Marie frowned, and looked down ashamedly. Gritting her teeth, she made her way back to her seat, which was in the center and relatively alone. She brooded gloomily to herself, on the verge of tears.
"Oh, I know it was too late! He hates me now... I'm to blame... Oh, where is Tanya? ... or Marcus? ... I hope they make up tonight..."


Tanya was also backstage at that moment, but she was elsewhere in the hallways, making her way there. She felt very strange, and couldn't explain it. Her heart-rate seemed to be unusually low. Tanya finally got to the backstage as Ernest was walking on stage, so she sat by the stage-right door to listen. There was a small TV screen above that she could see him through a camera.
Tanya had watched Ernest go through this work in the rehearsal multiple times, and she still loved it as if hearing it for the first time. Ernest had been studying the tone poems of Sibelius for his dissertation. Secretly in her spare time, Tanya had listened through all the Sibelius tone poems, trying to grasp the emotionality, and thus understand Ernest's heart. As Tanya watched the backstage TV projection of the hall, she tried to go into his mind, into what he was thinking at any given moment.
"He has a wild heart, he is a journeyer... will he ever find home? Yes... I will give it to him... he's a romantic, an idealist, he want's everything to be set right... I will do that for him too... he is a loner, and feels no one can relate to him... that loneliness too, I will penetrate..."
Tanya pondered these thoughts deeply, the whole fifteen minutes. When Ernest's piece was done and there was applause, he began walking off stage. Tanya jumped up from her seat, and briskly escaped his view when he came backstage. He immediately went back into the seats, to watch the remaining performances.
"Should I stay, or should I go?" Tanya thought rapidly. She only had a moment to think.
"Stay," she resolved. She went around the other side of the backstage area, and watched the following performance from there. It was a Master's student doing a serenade for orchestra.
Through the crack in the door of stage-left, Tanya looked around until she could see Ernest. He was sitting alone, and he seemed incredibly unhappy.
"Was he displeased with his performance? He had no right to be!" Tanya thought. "I will change that for him too..."
Tanya waited on this side until the piece was over. She expected Ernest to come backstage after, which he did, but he didn't see her. Instead, he walked down the steps, and into the inner hallways. Tanya followed him quietly, taking off her stilettos which were so loud on the floor.

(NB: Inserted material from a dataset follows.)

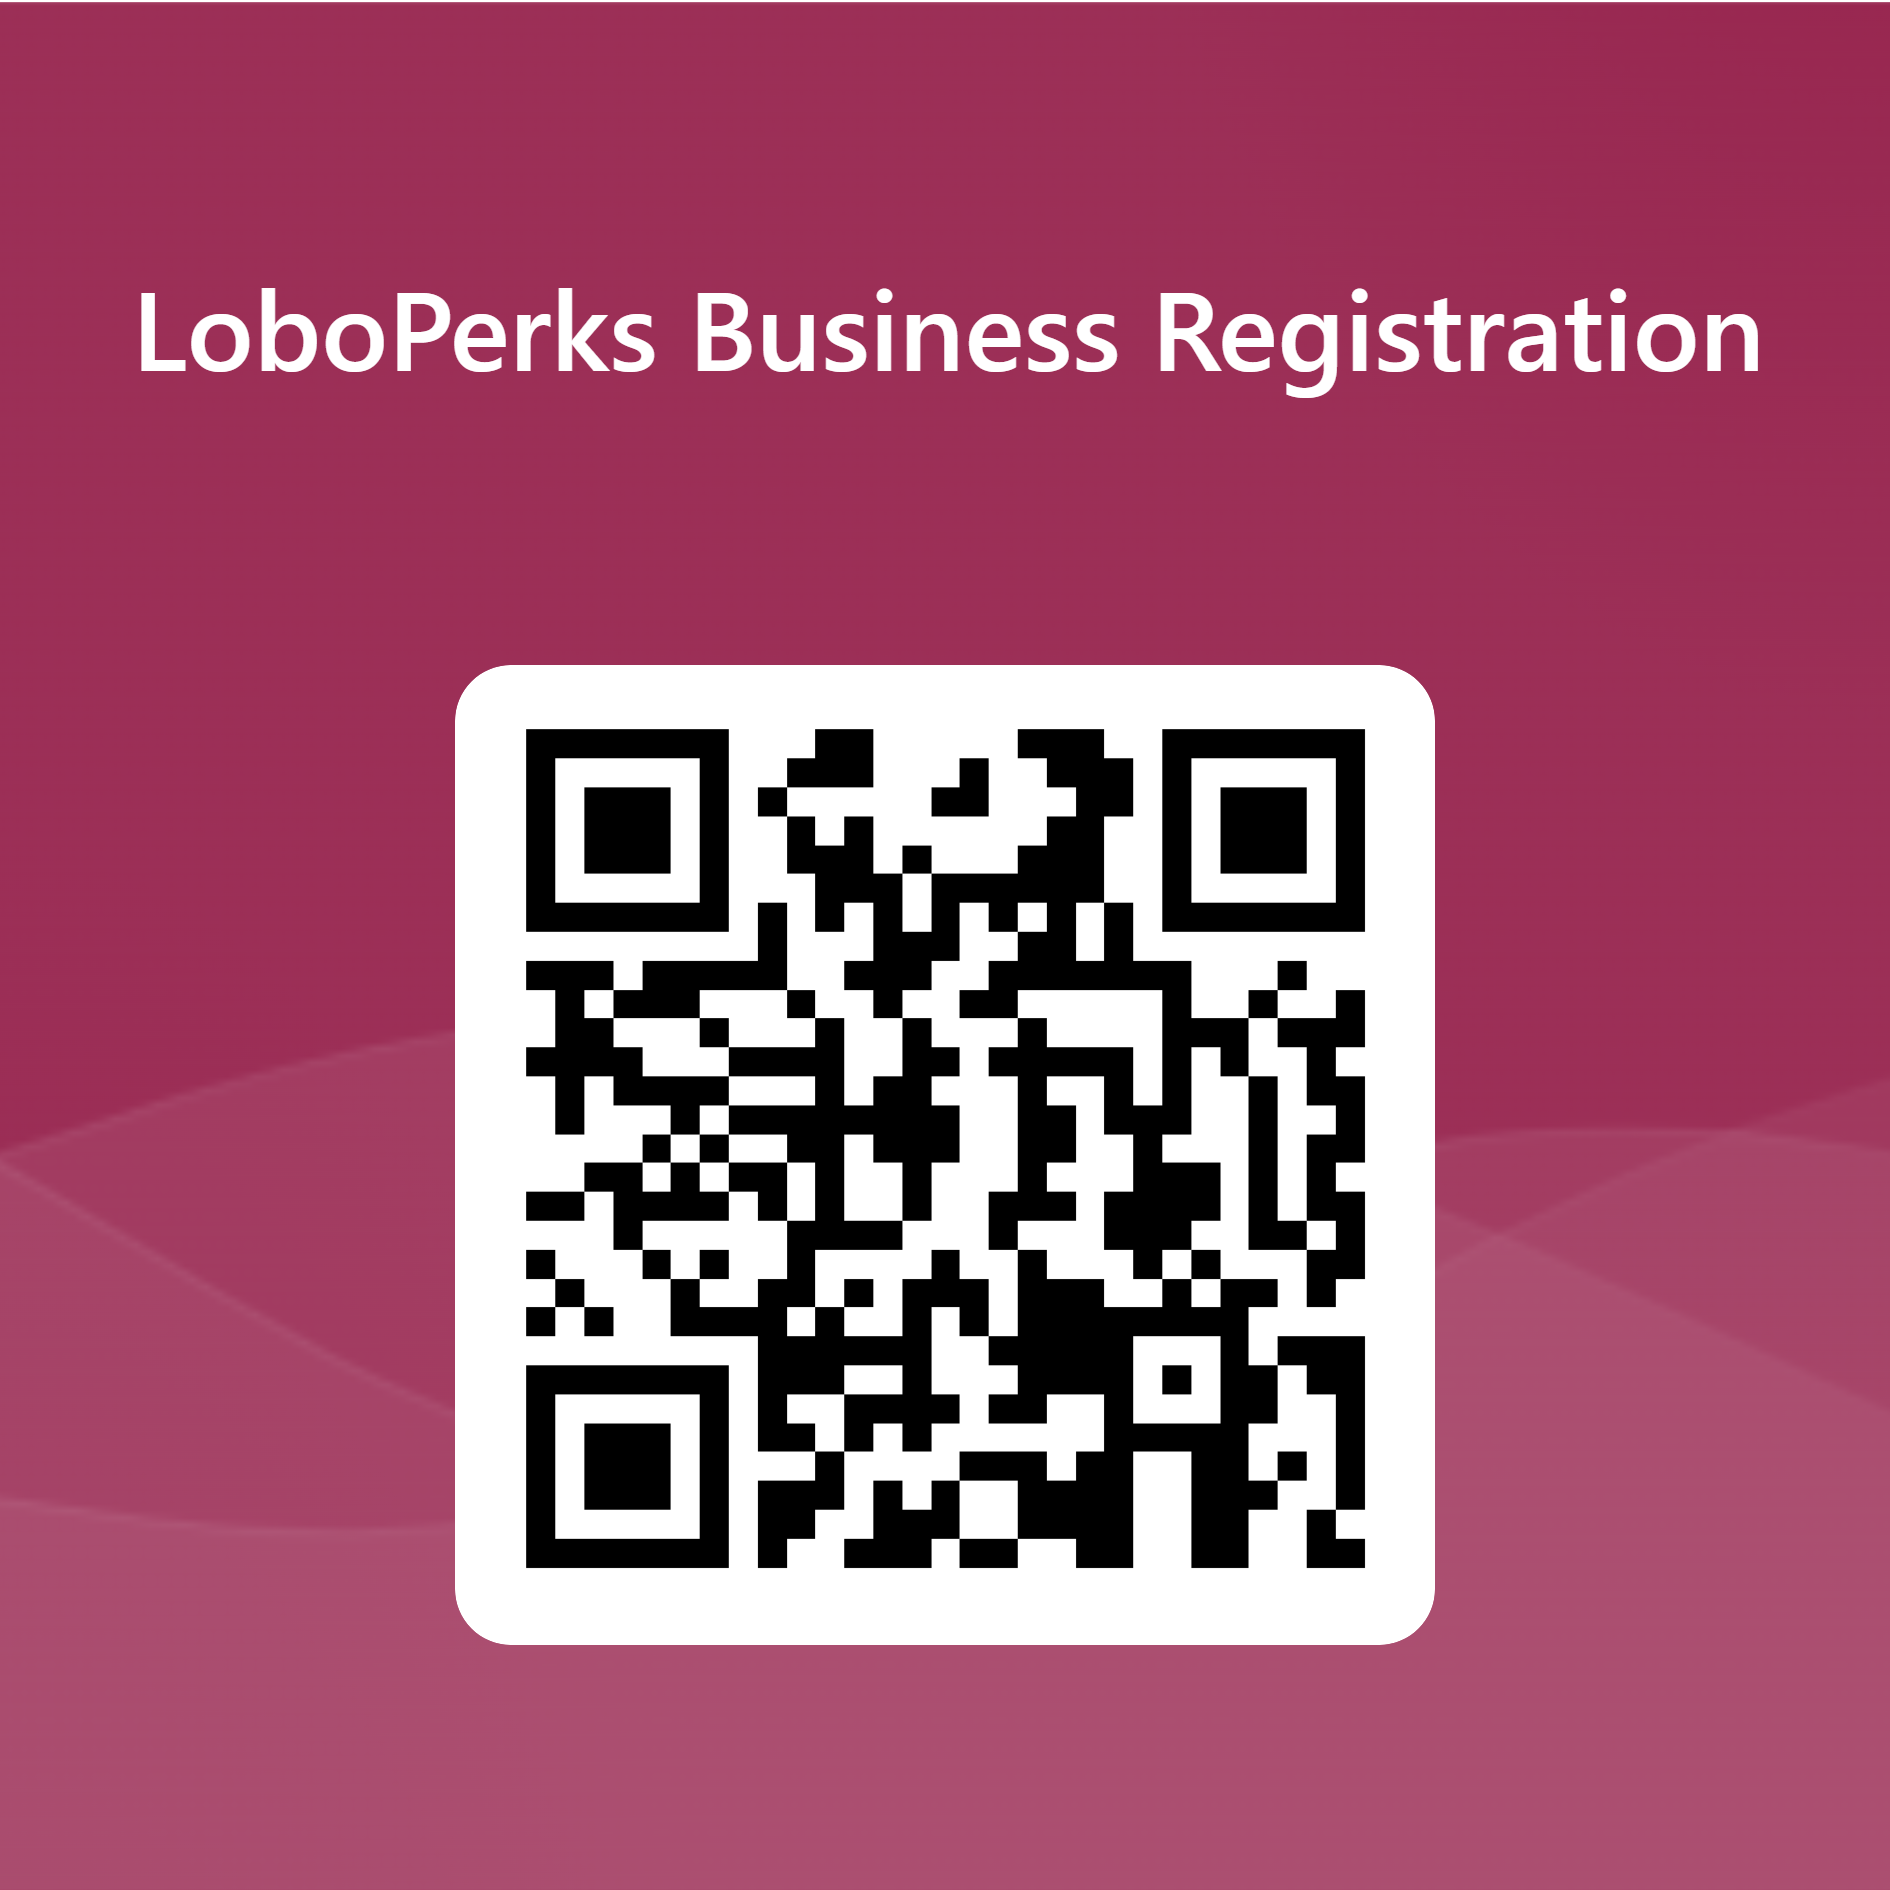 qr-code-for-lobo-perks-business-registration-new

No one was around. Everyone was in the seats to watch, or huddled by the backstage TV. Tanya sensed an opportunity.
Ahead of Tanya, she saw Ernest enter the orchestral room. There were two sets of double doors, the inner one having a small window for viewing. She approached the double-doors, and watched him start to pace inside while she stood in the inside corridor. He was unaware that she was there.
"What's he doing?" she wondered.
The chairs, instrument cases and stands had all been pushed to the sides of the room, leaving an empty space in the center of the room. This is where Ernest was pacing. He seemed very emotionally distressed, walking very quickly, and seemed to be muttering to himself. He took his baton, and started scrutinizing it, but in a glazed-over fashion. He sat down on a chair finally on the side of the room, and put his face in his hands.
Tanya watched him with awe and compassion. She could only love him more than ever in this moment. In the overhead speaker, a romantic, pleading melody floated was coming from the concert hall.
Time stood still, and all the world beckoned her forward.
Consumed with her own emotion and excitement, she opened the inner door.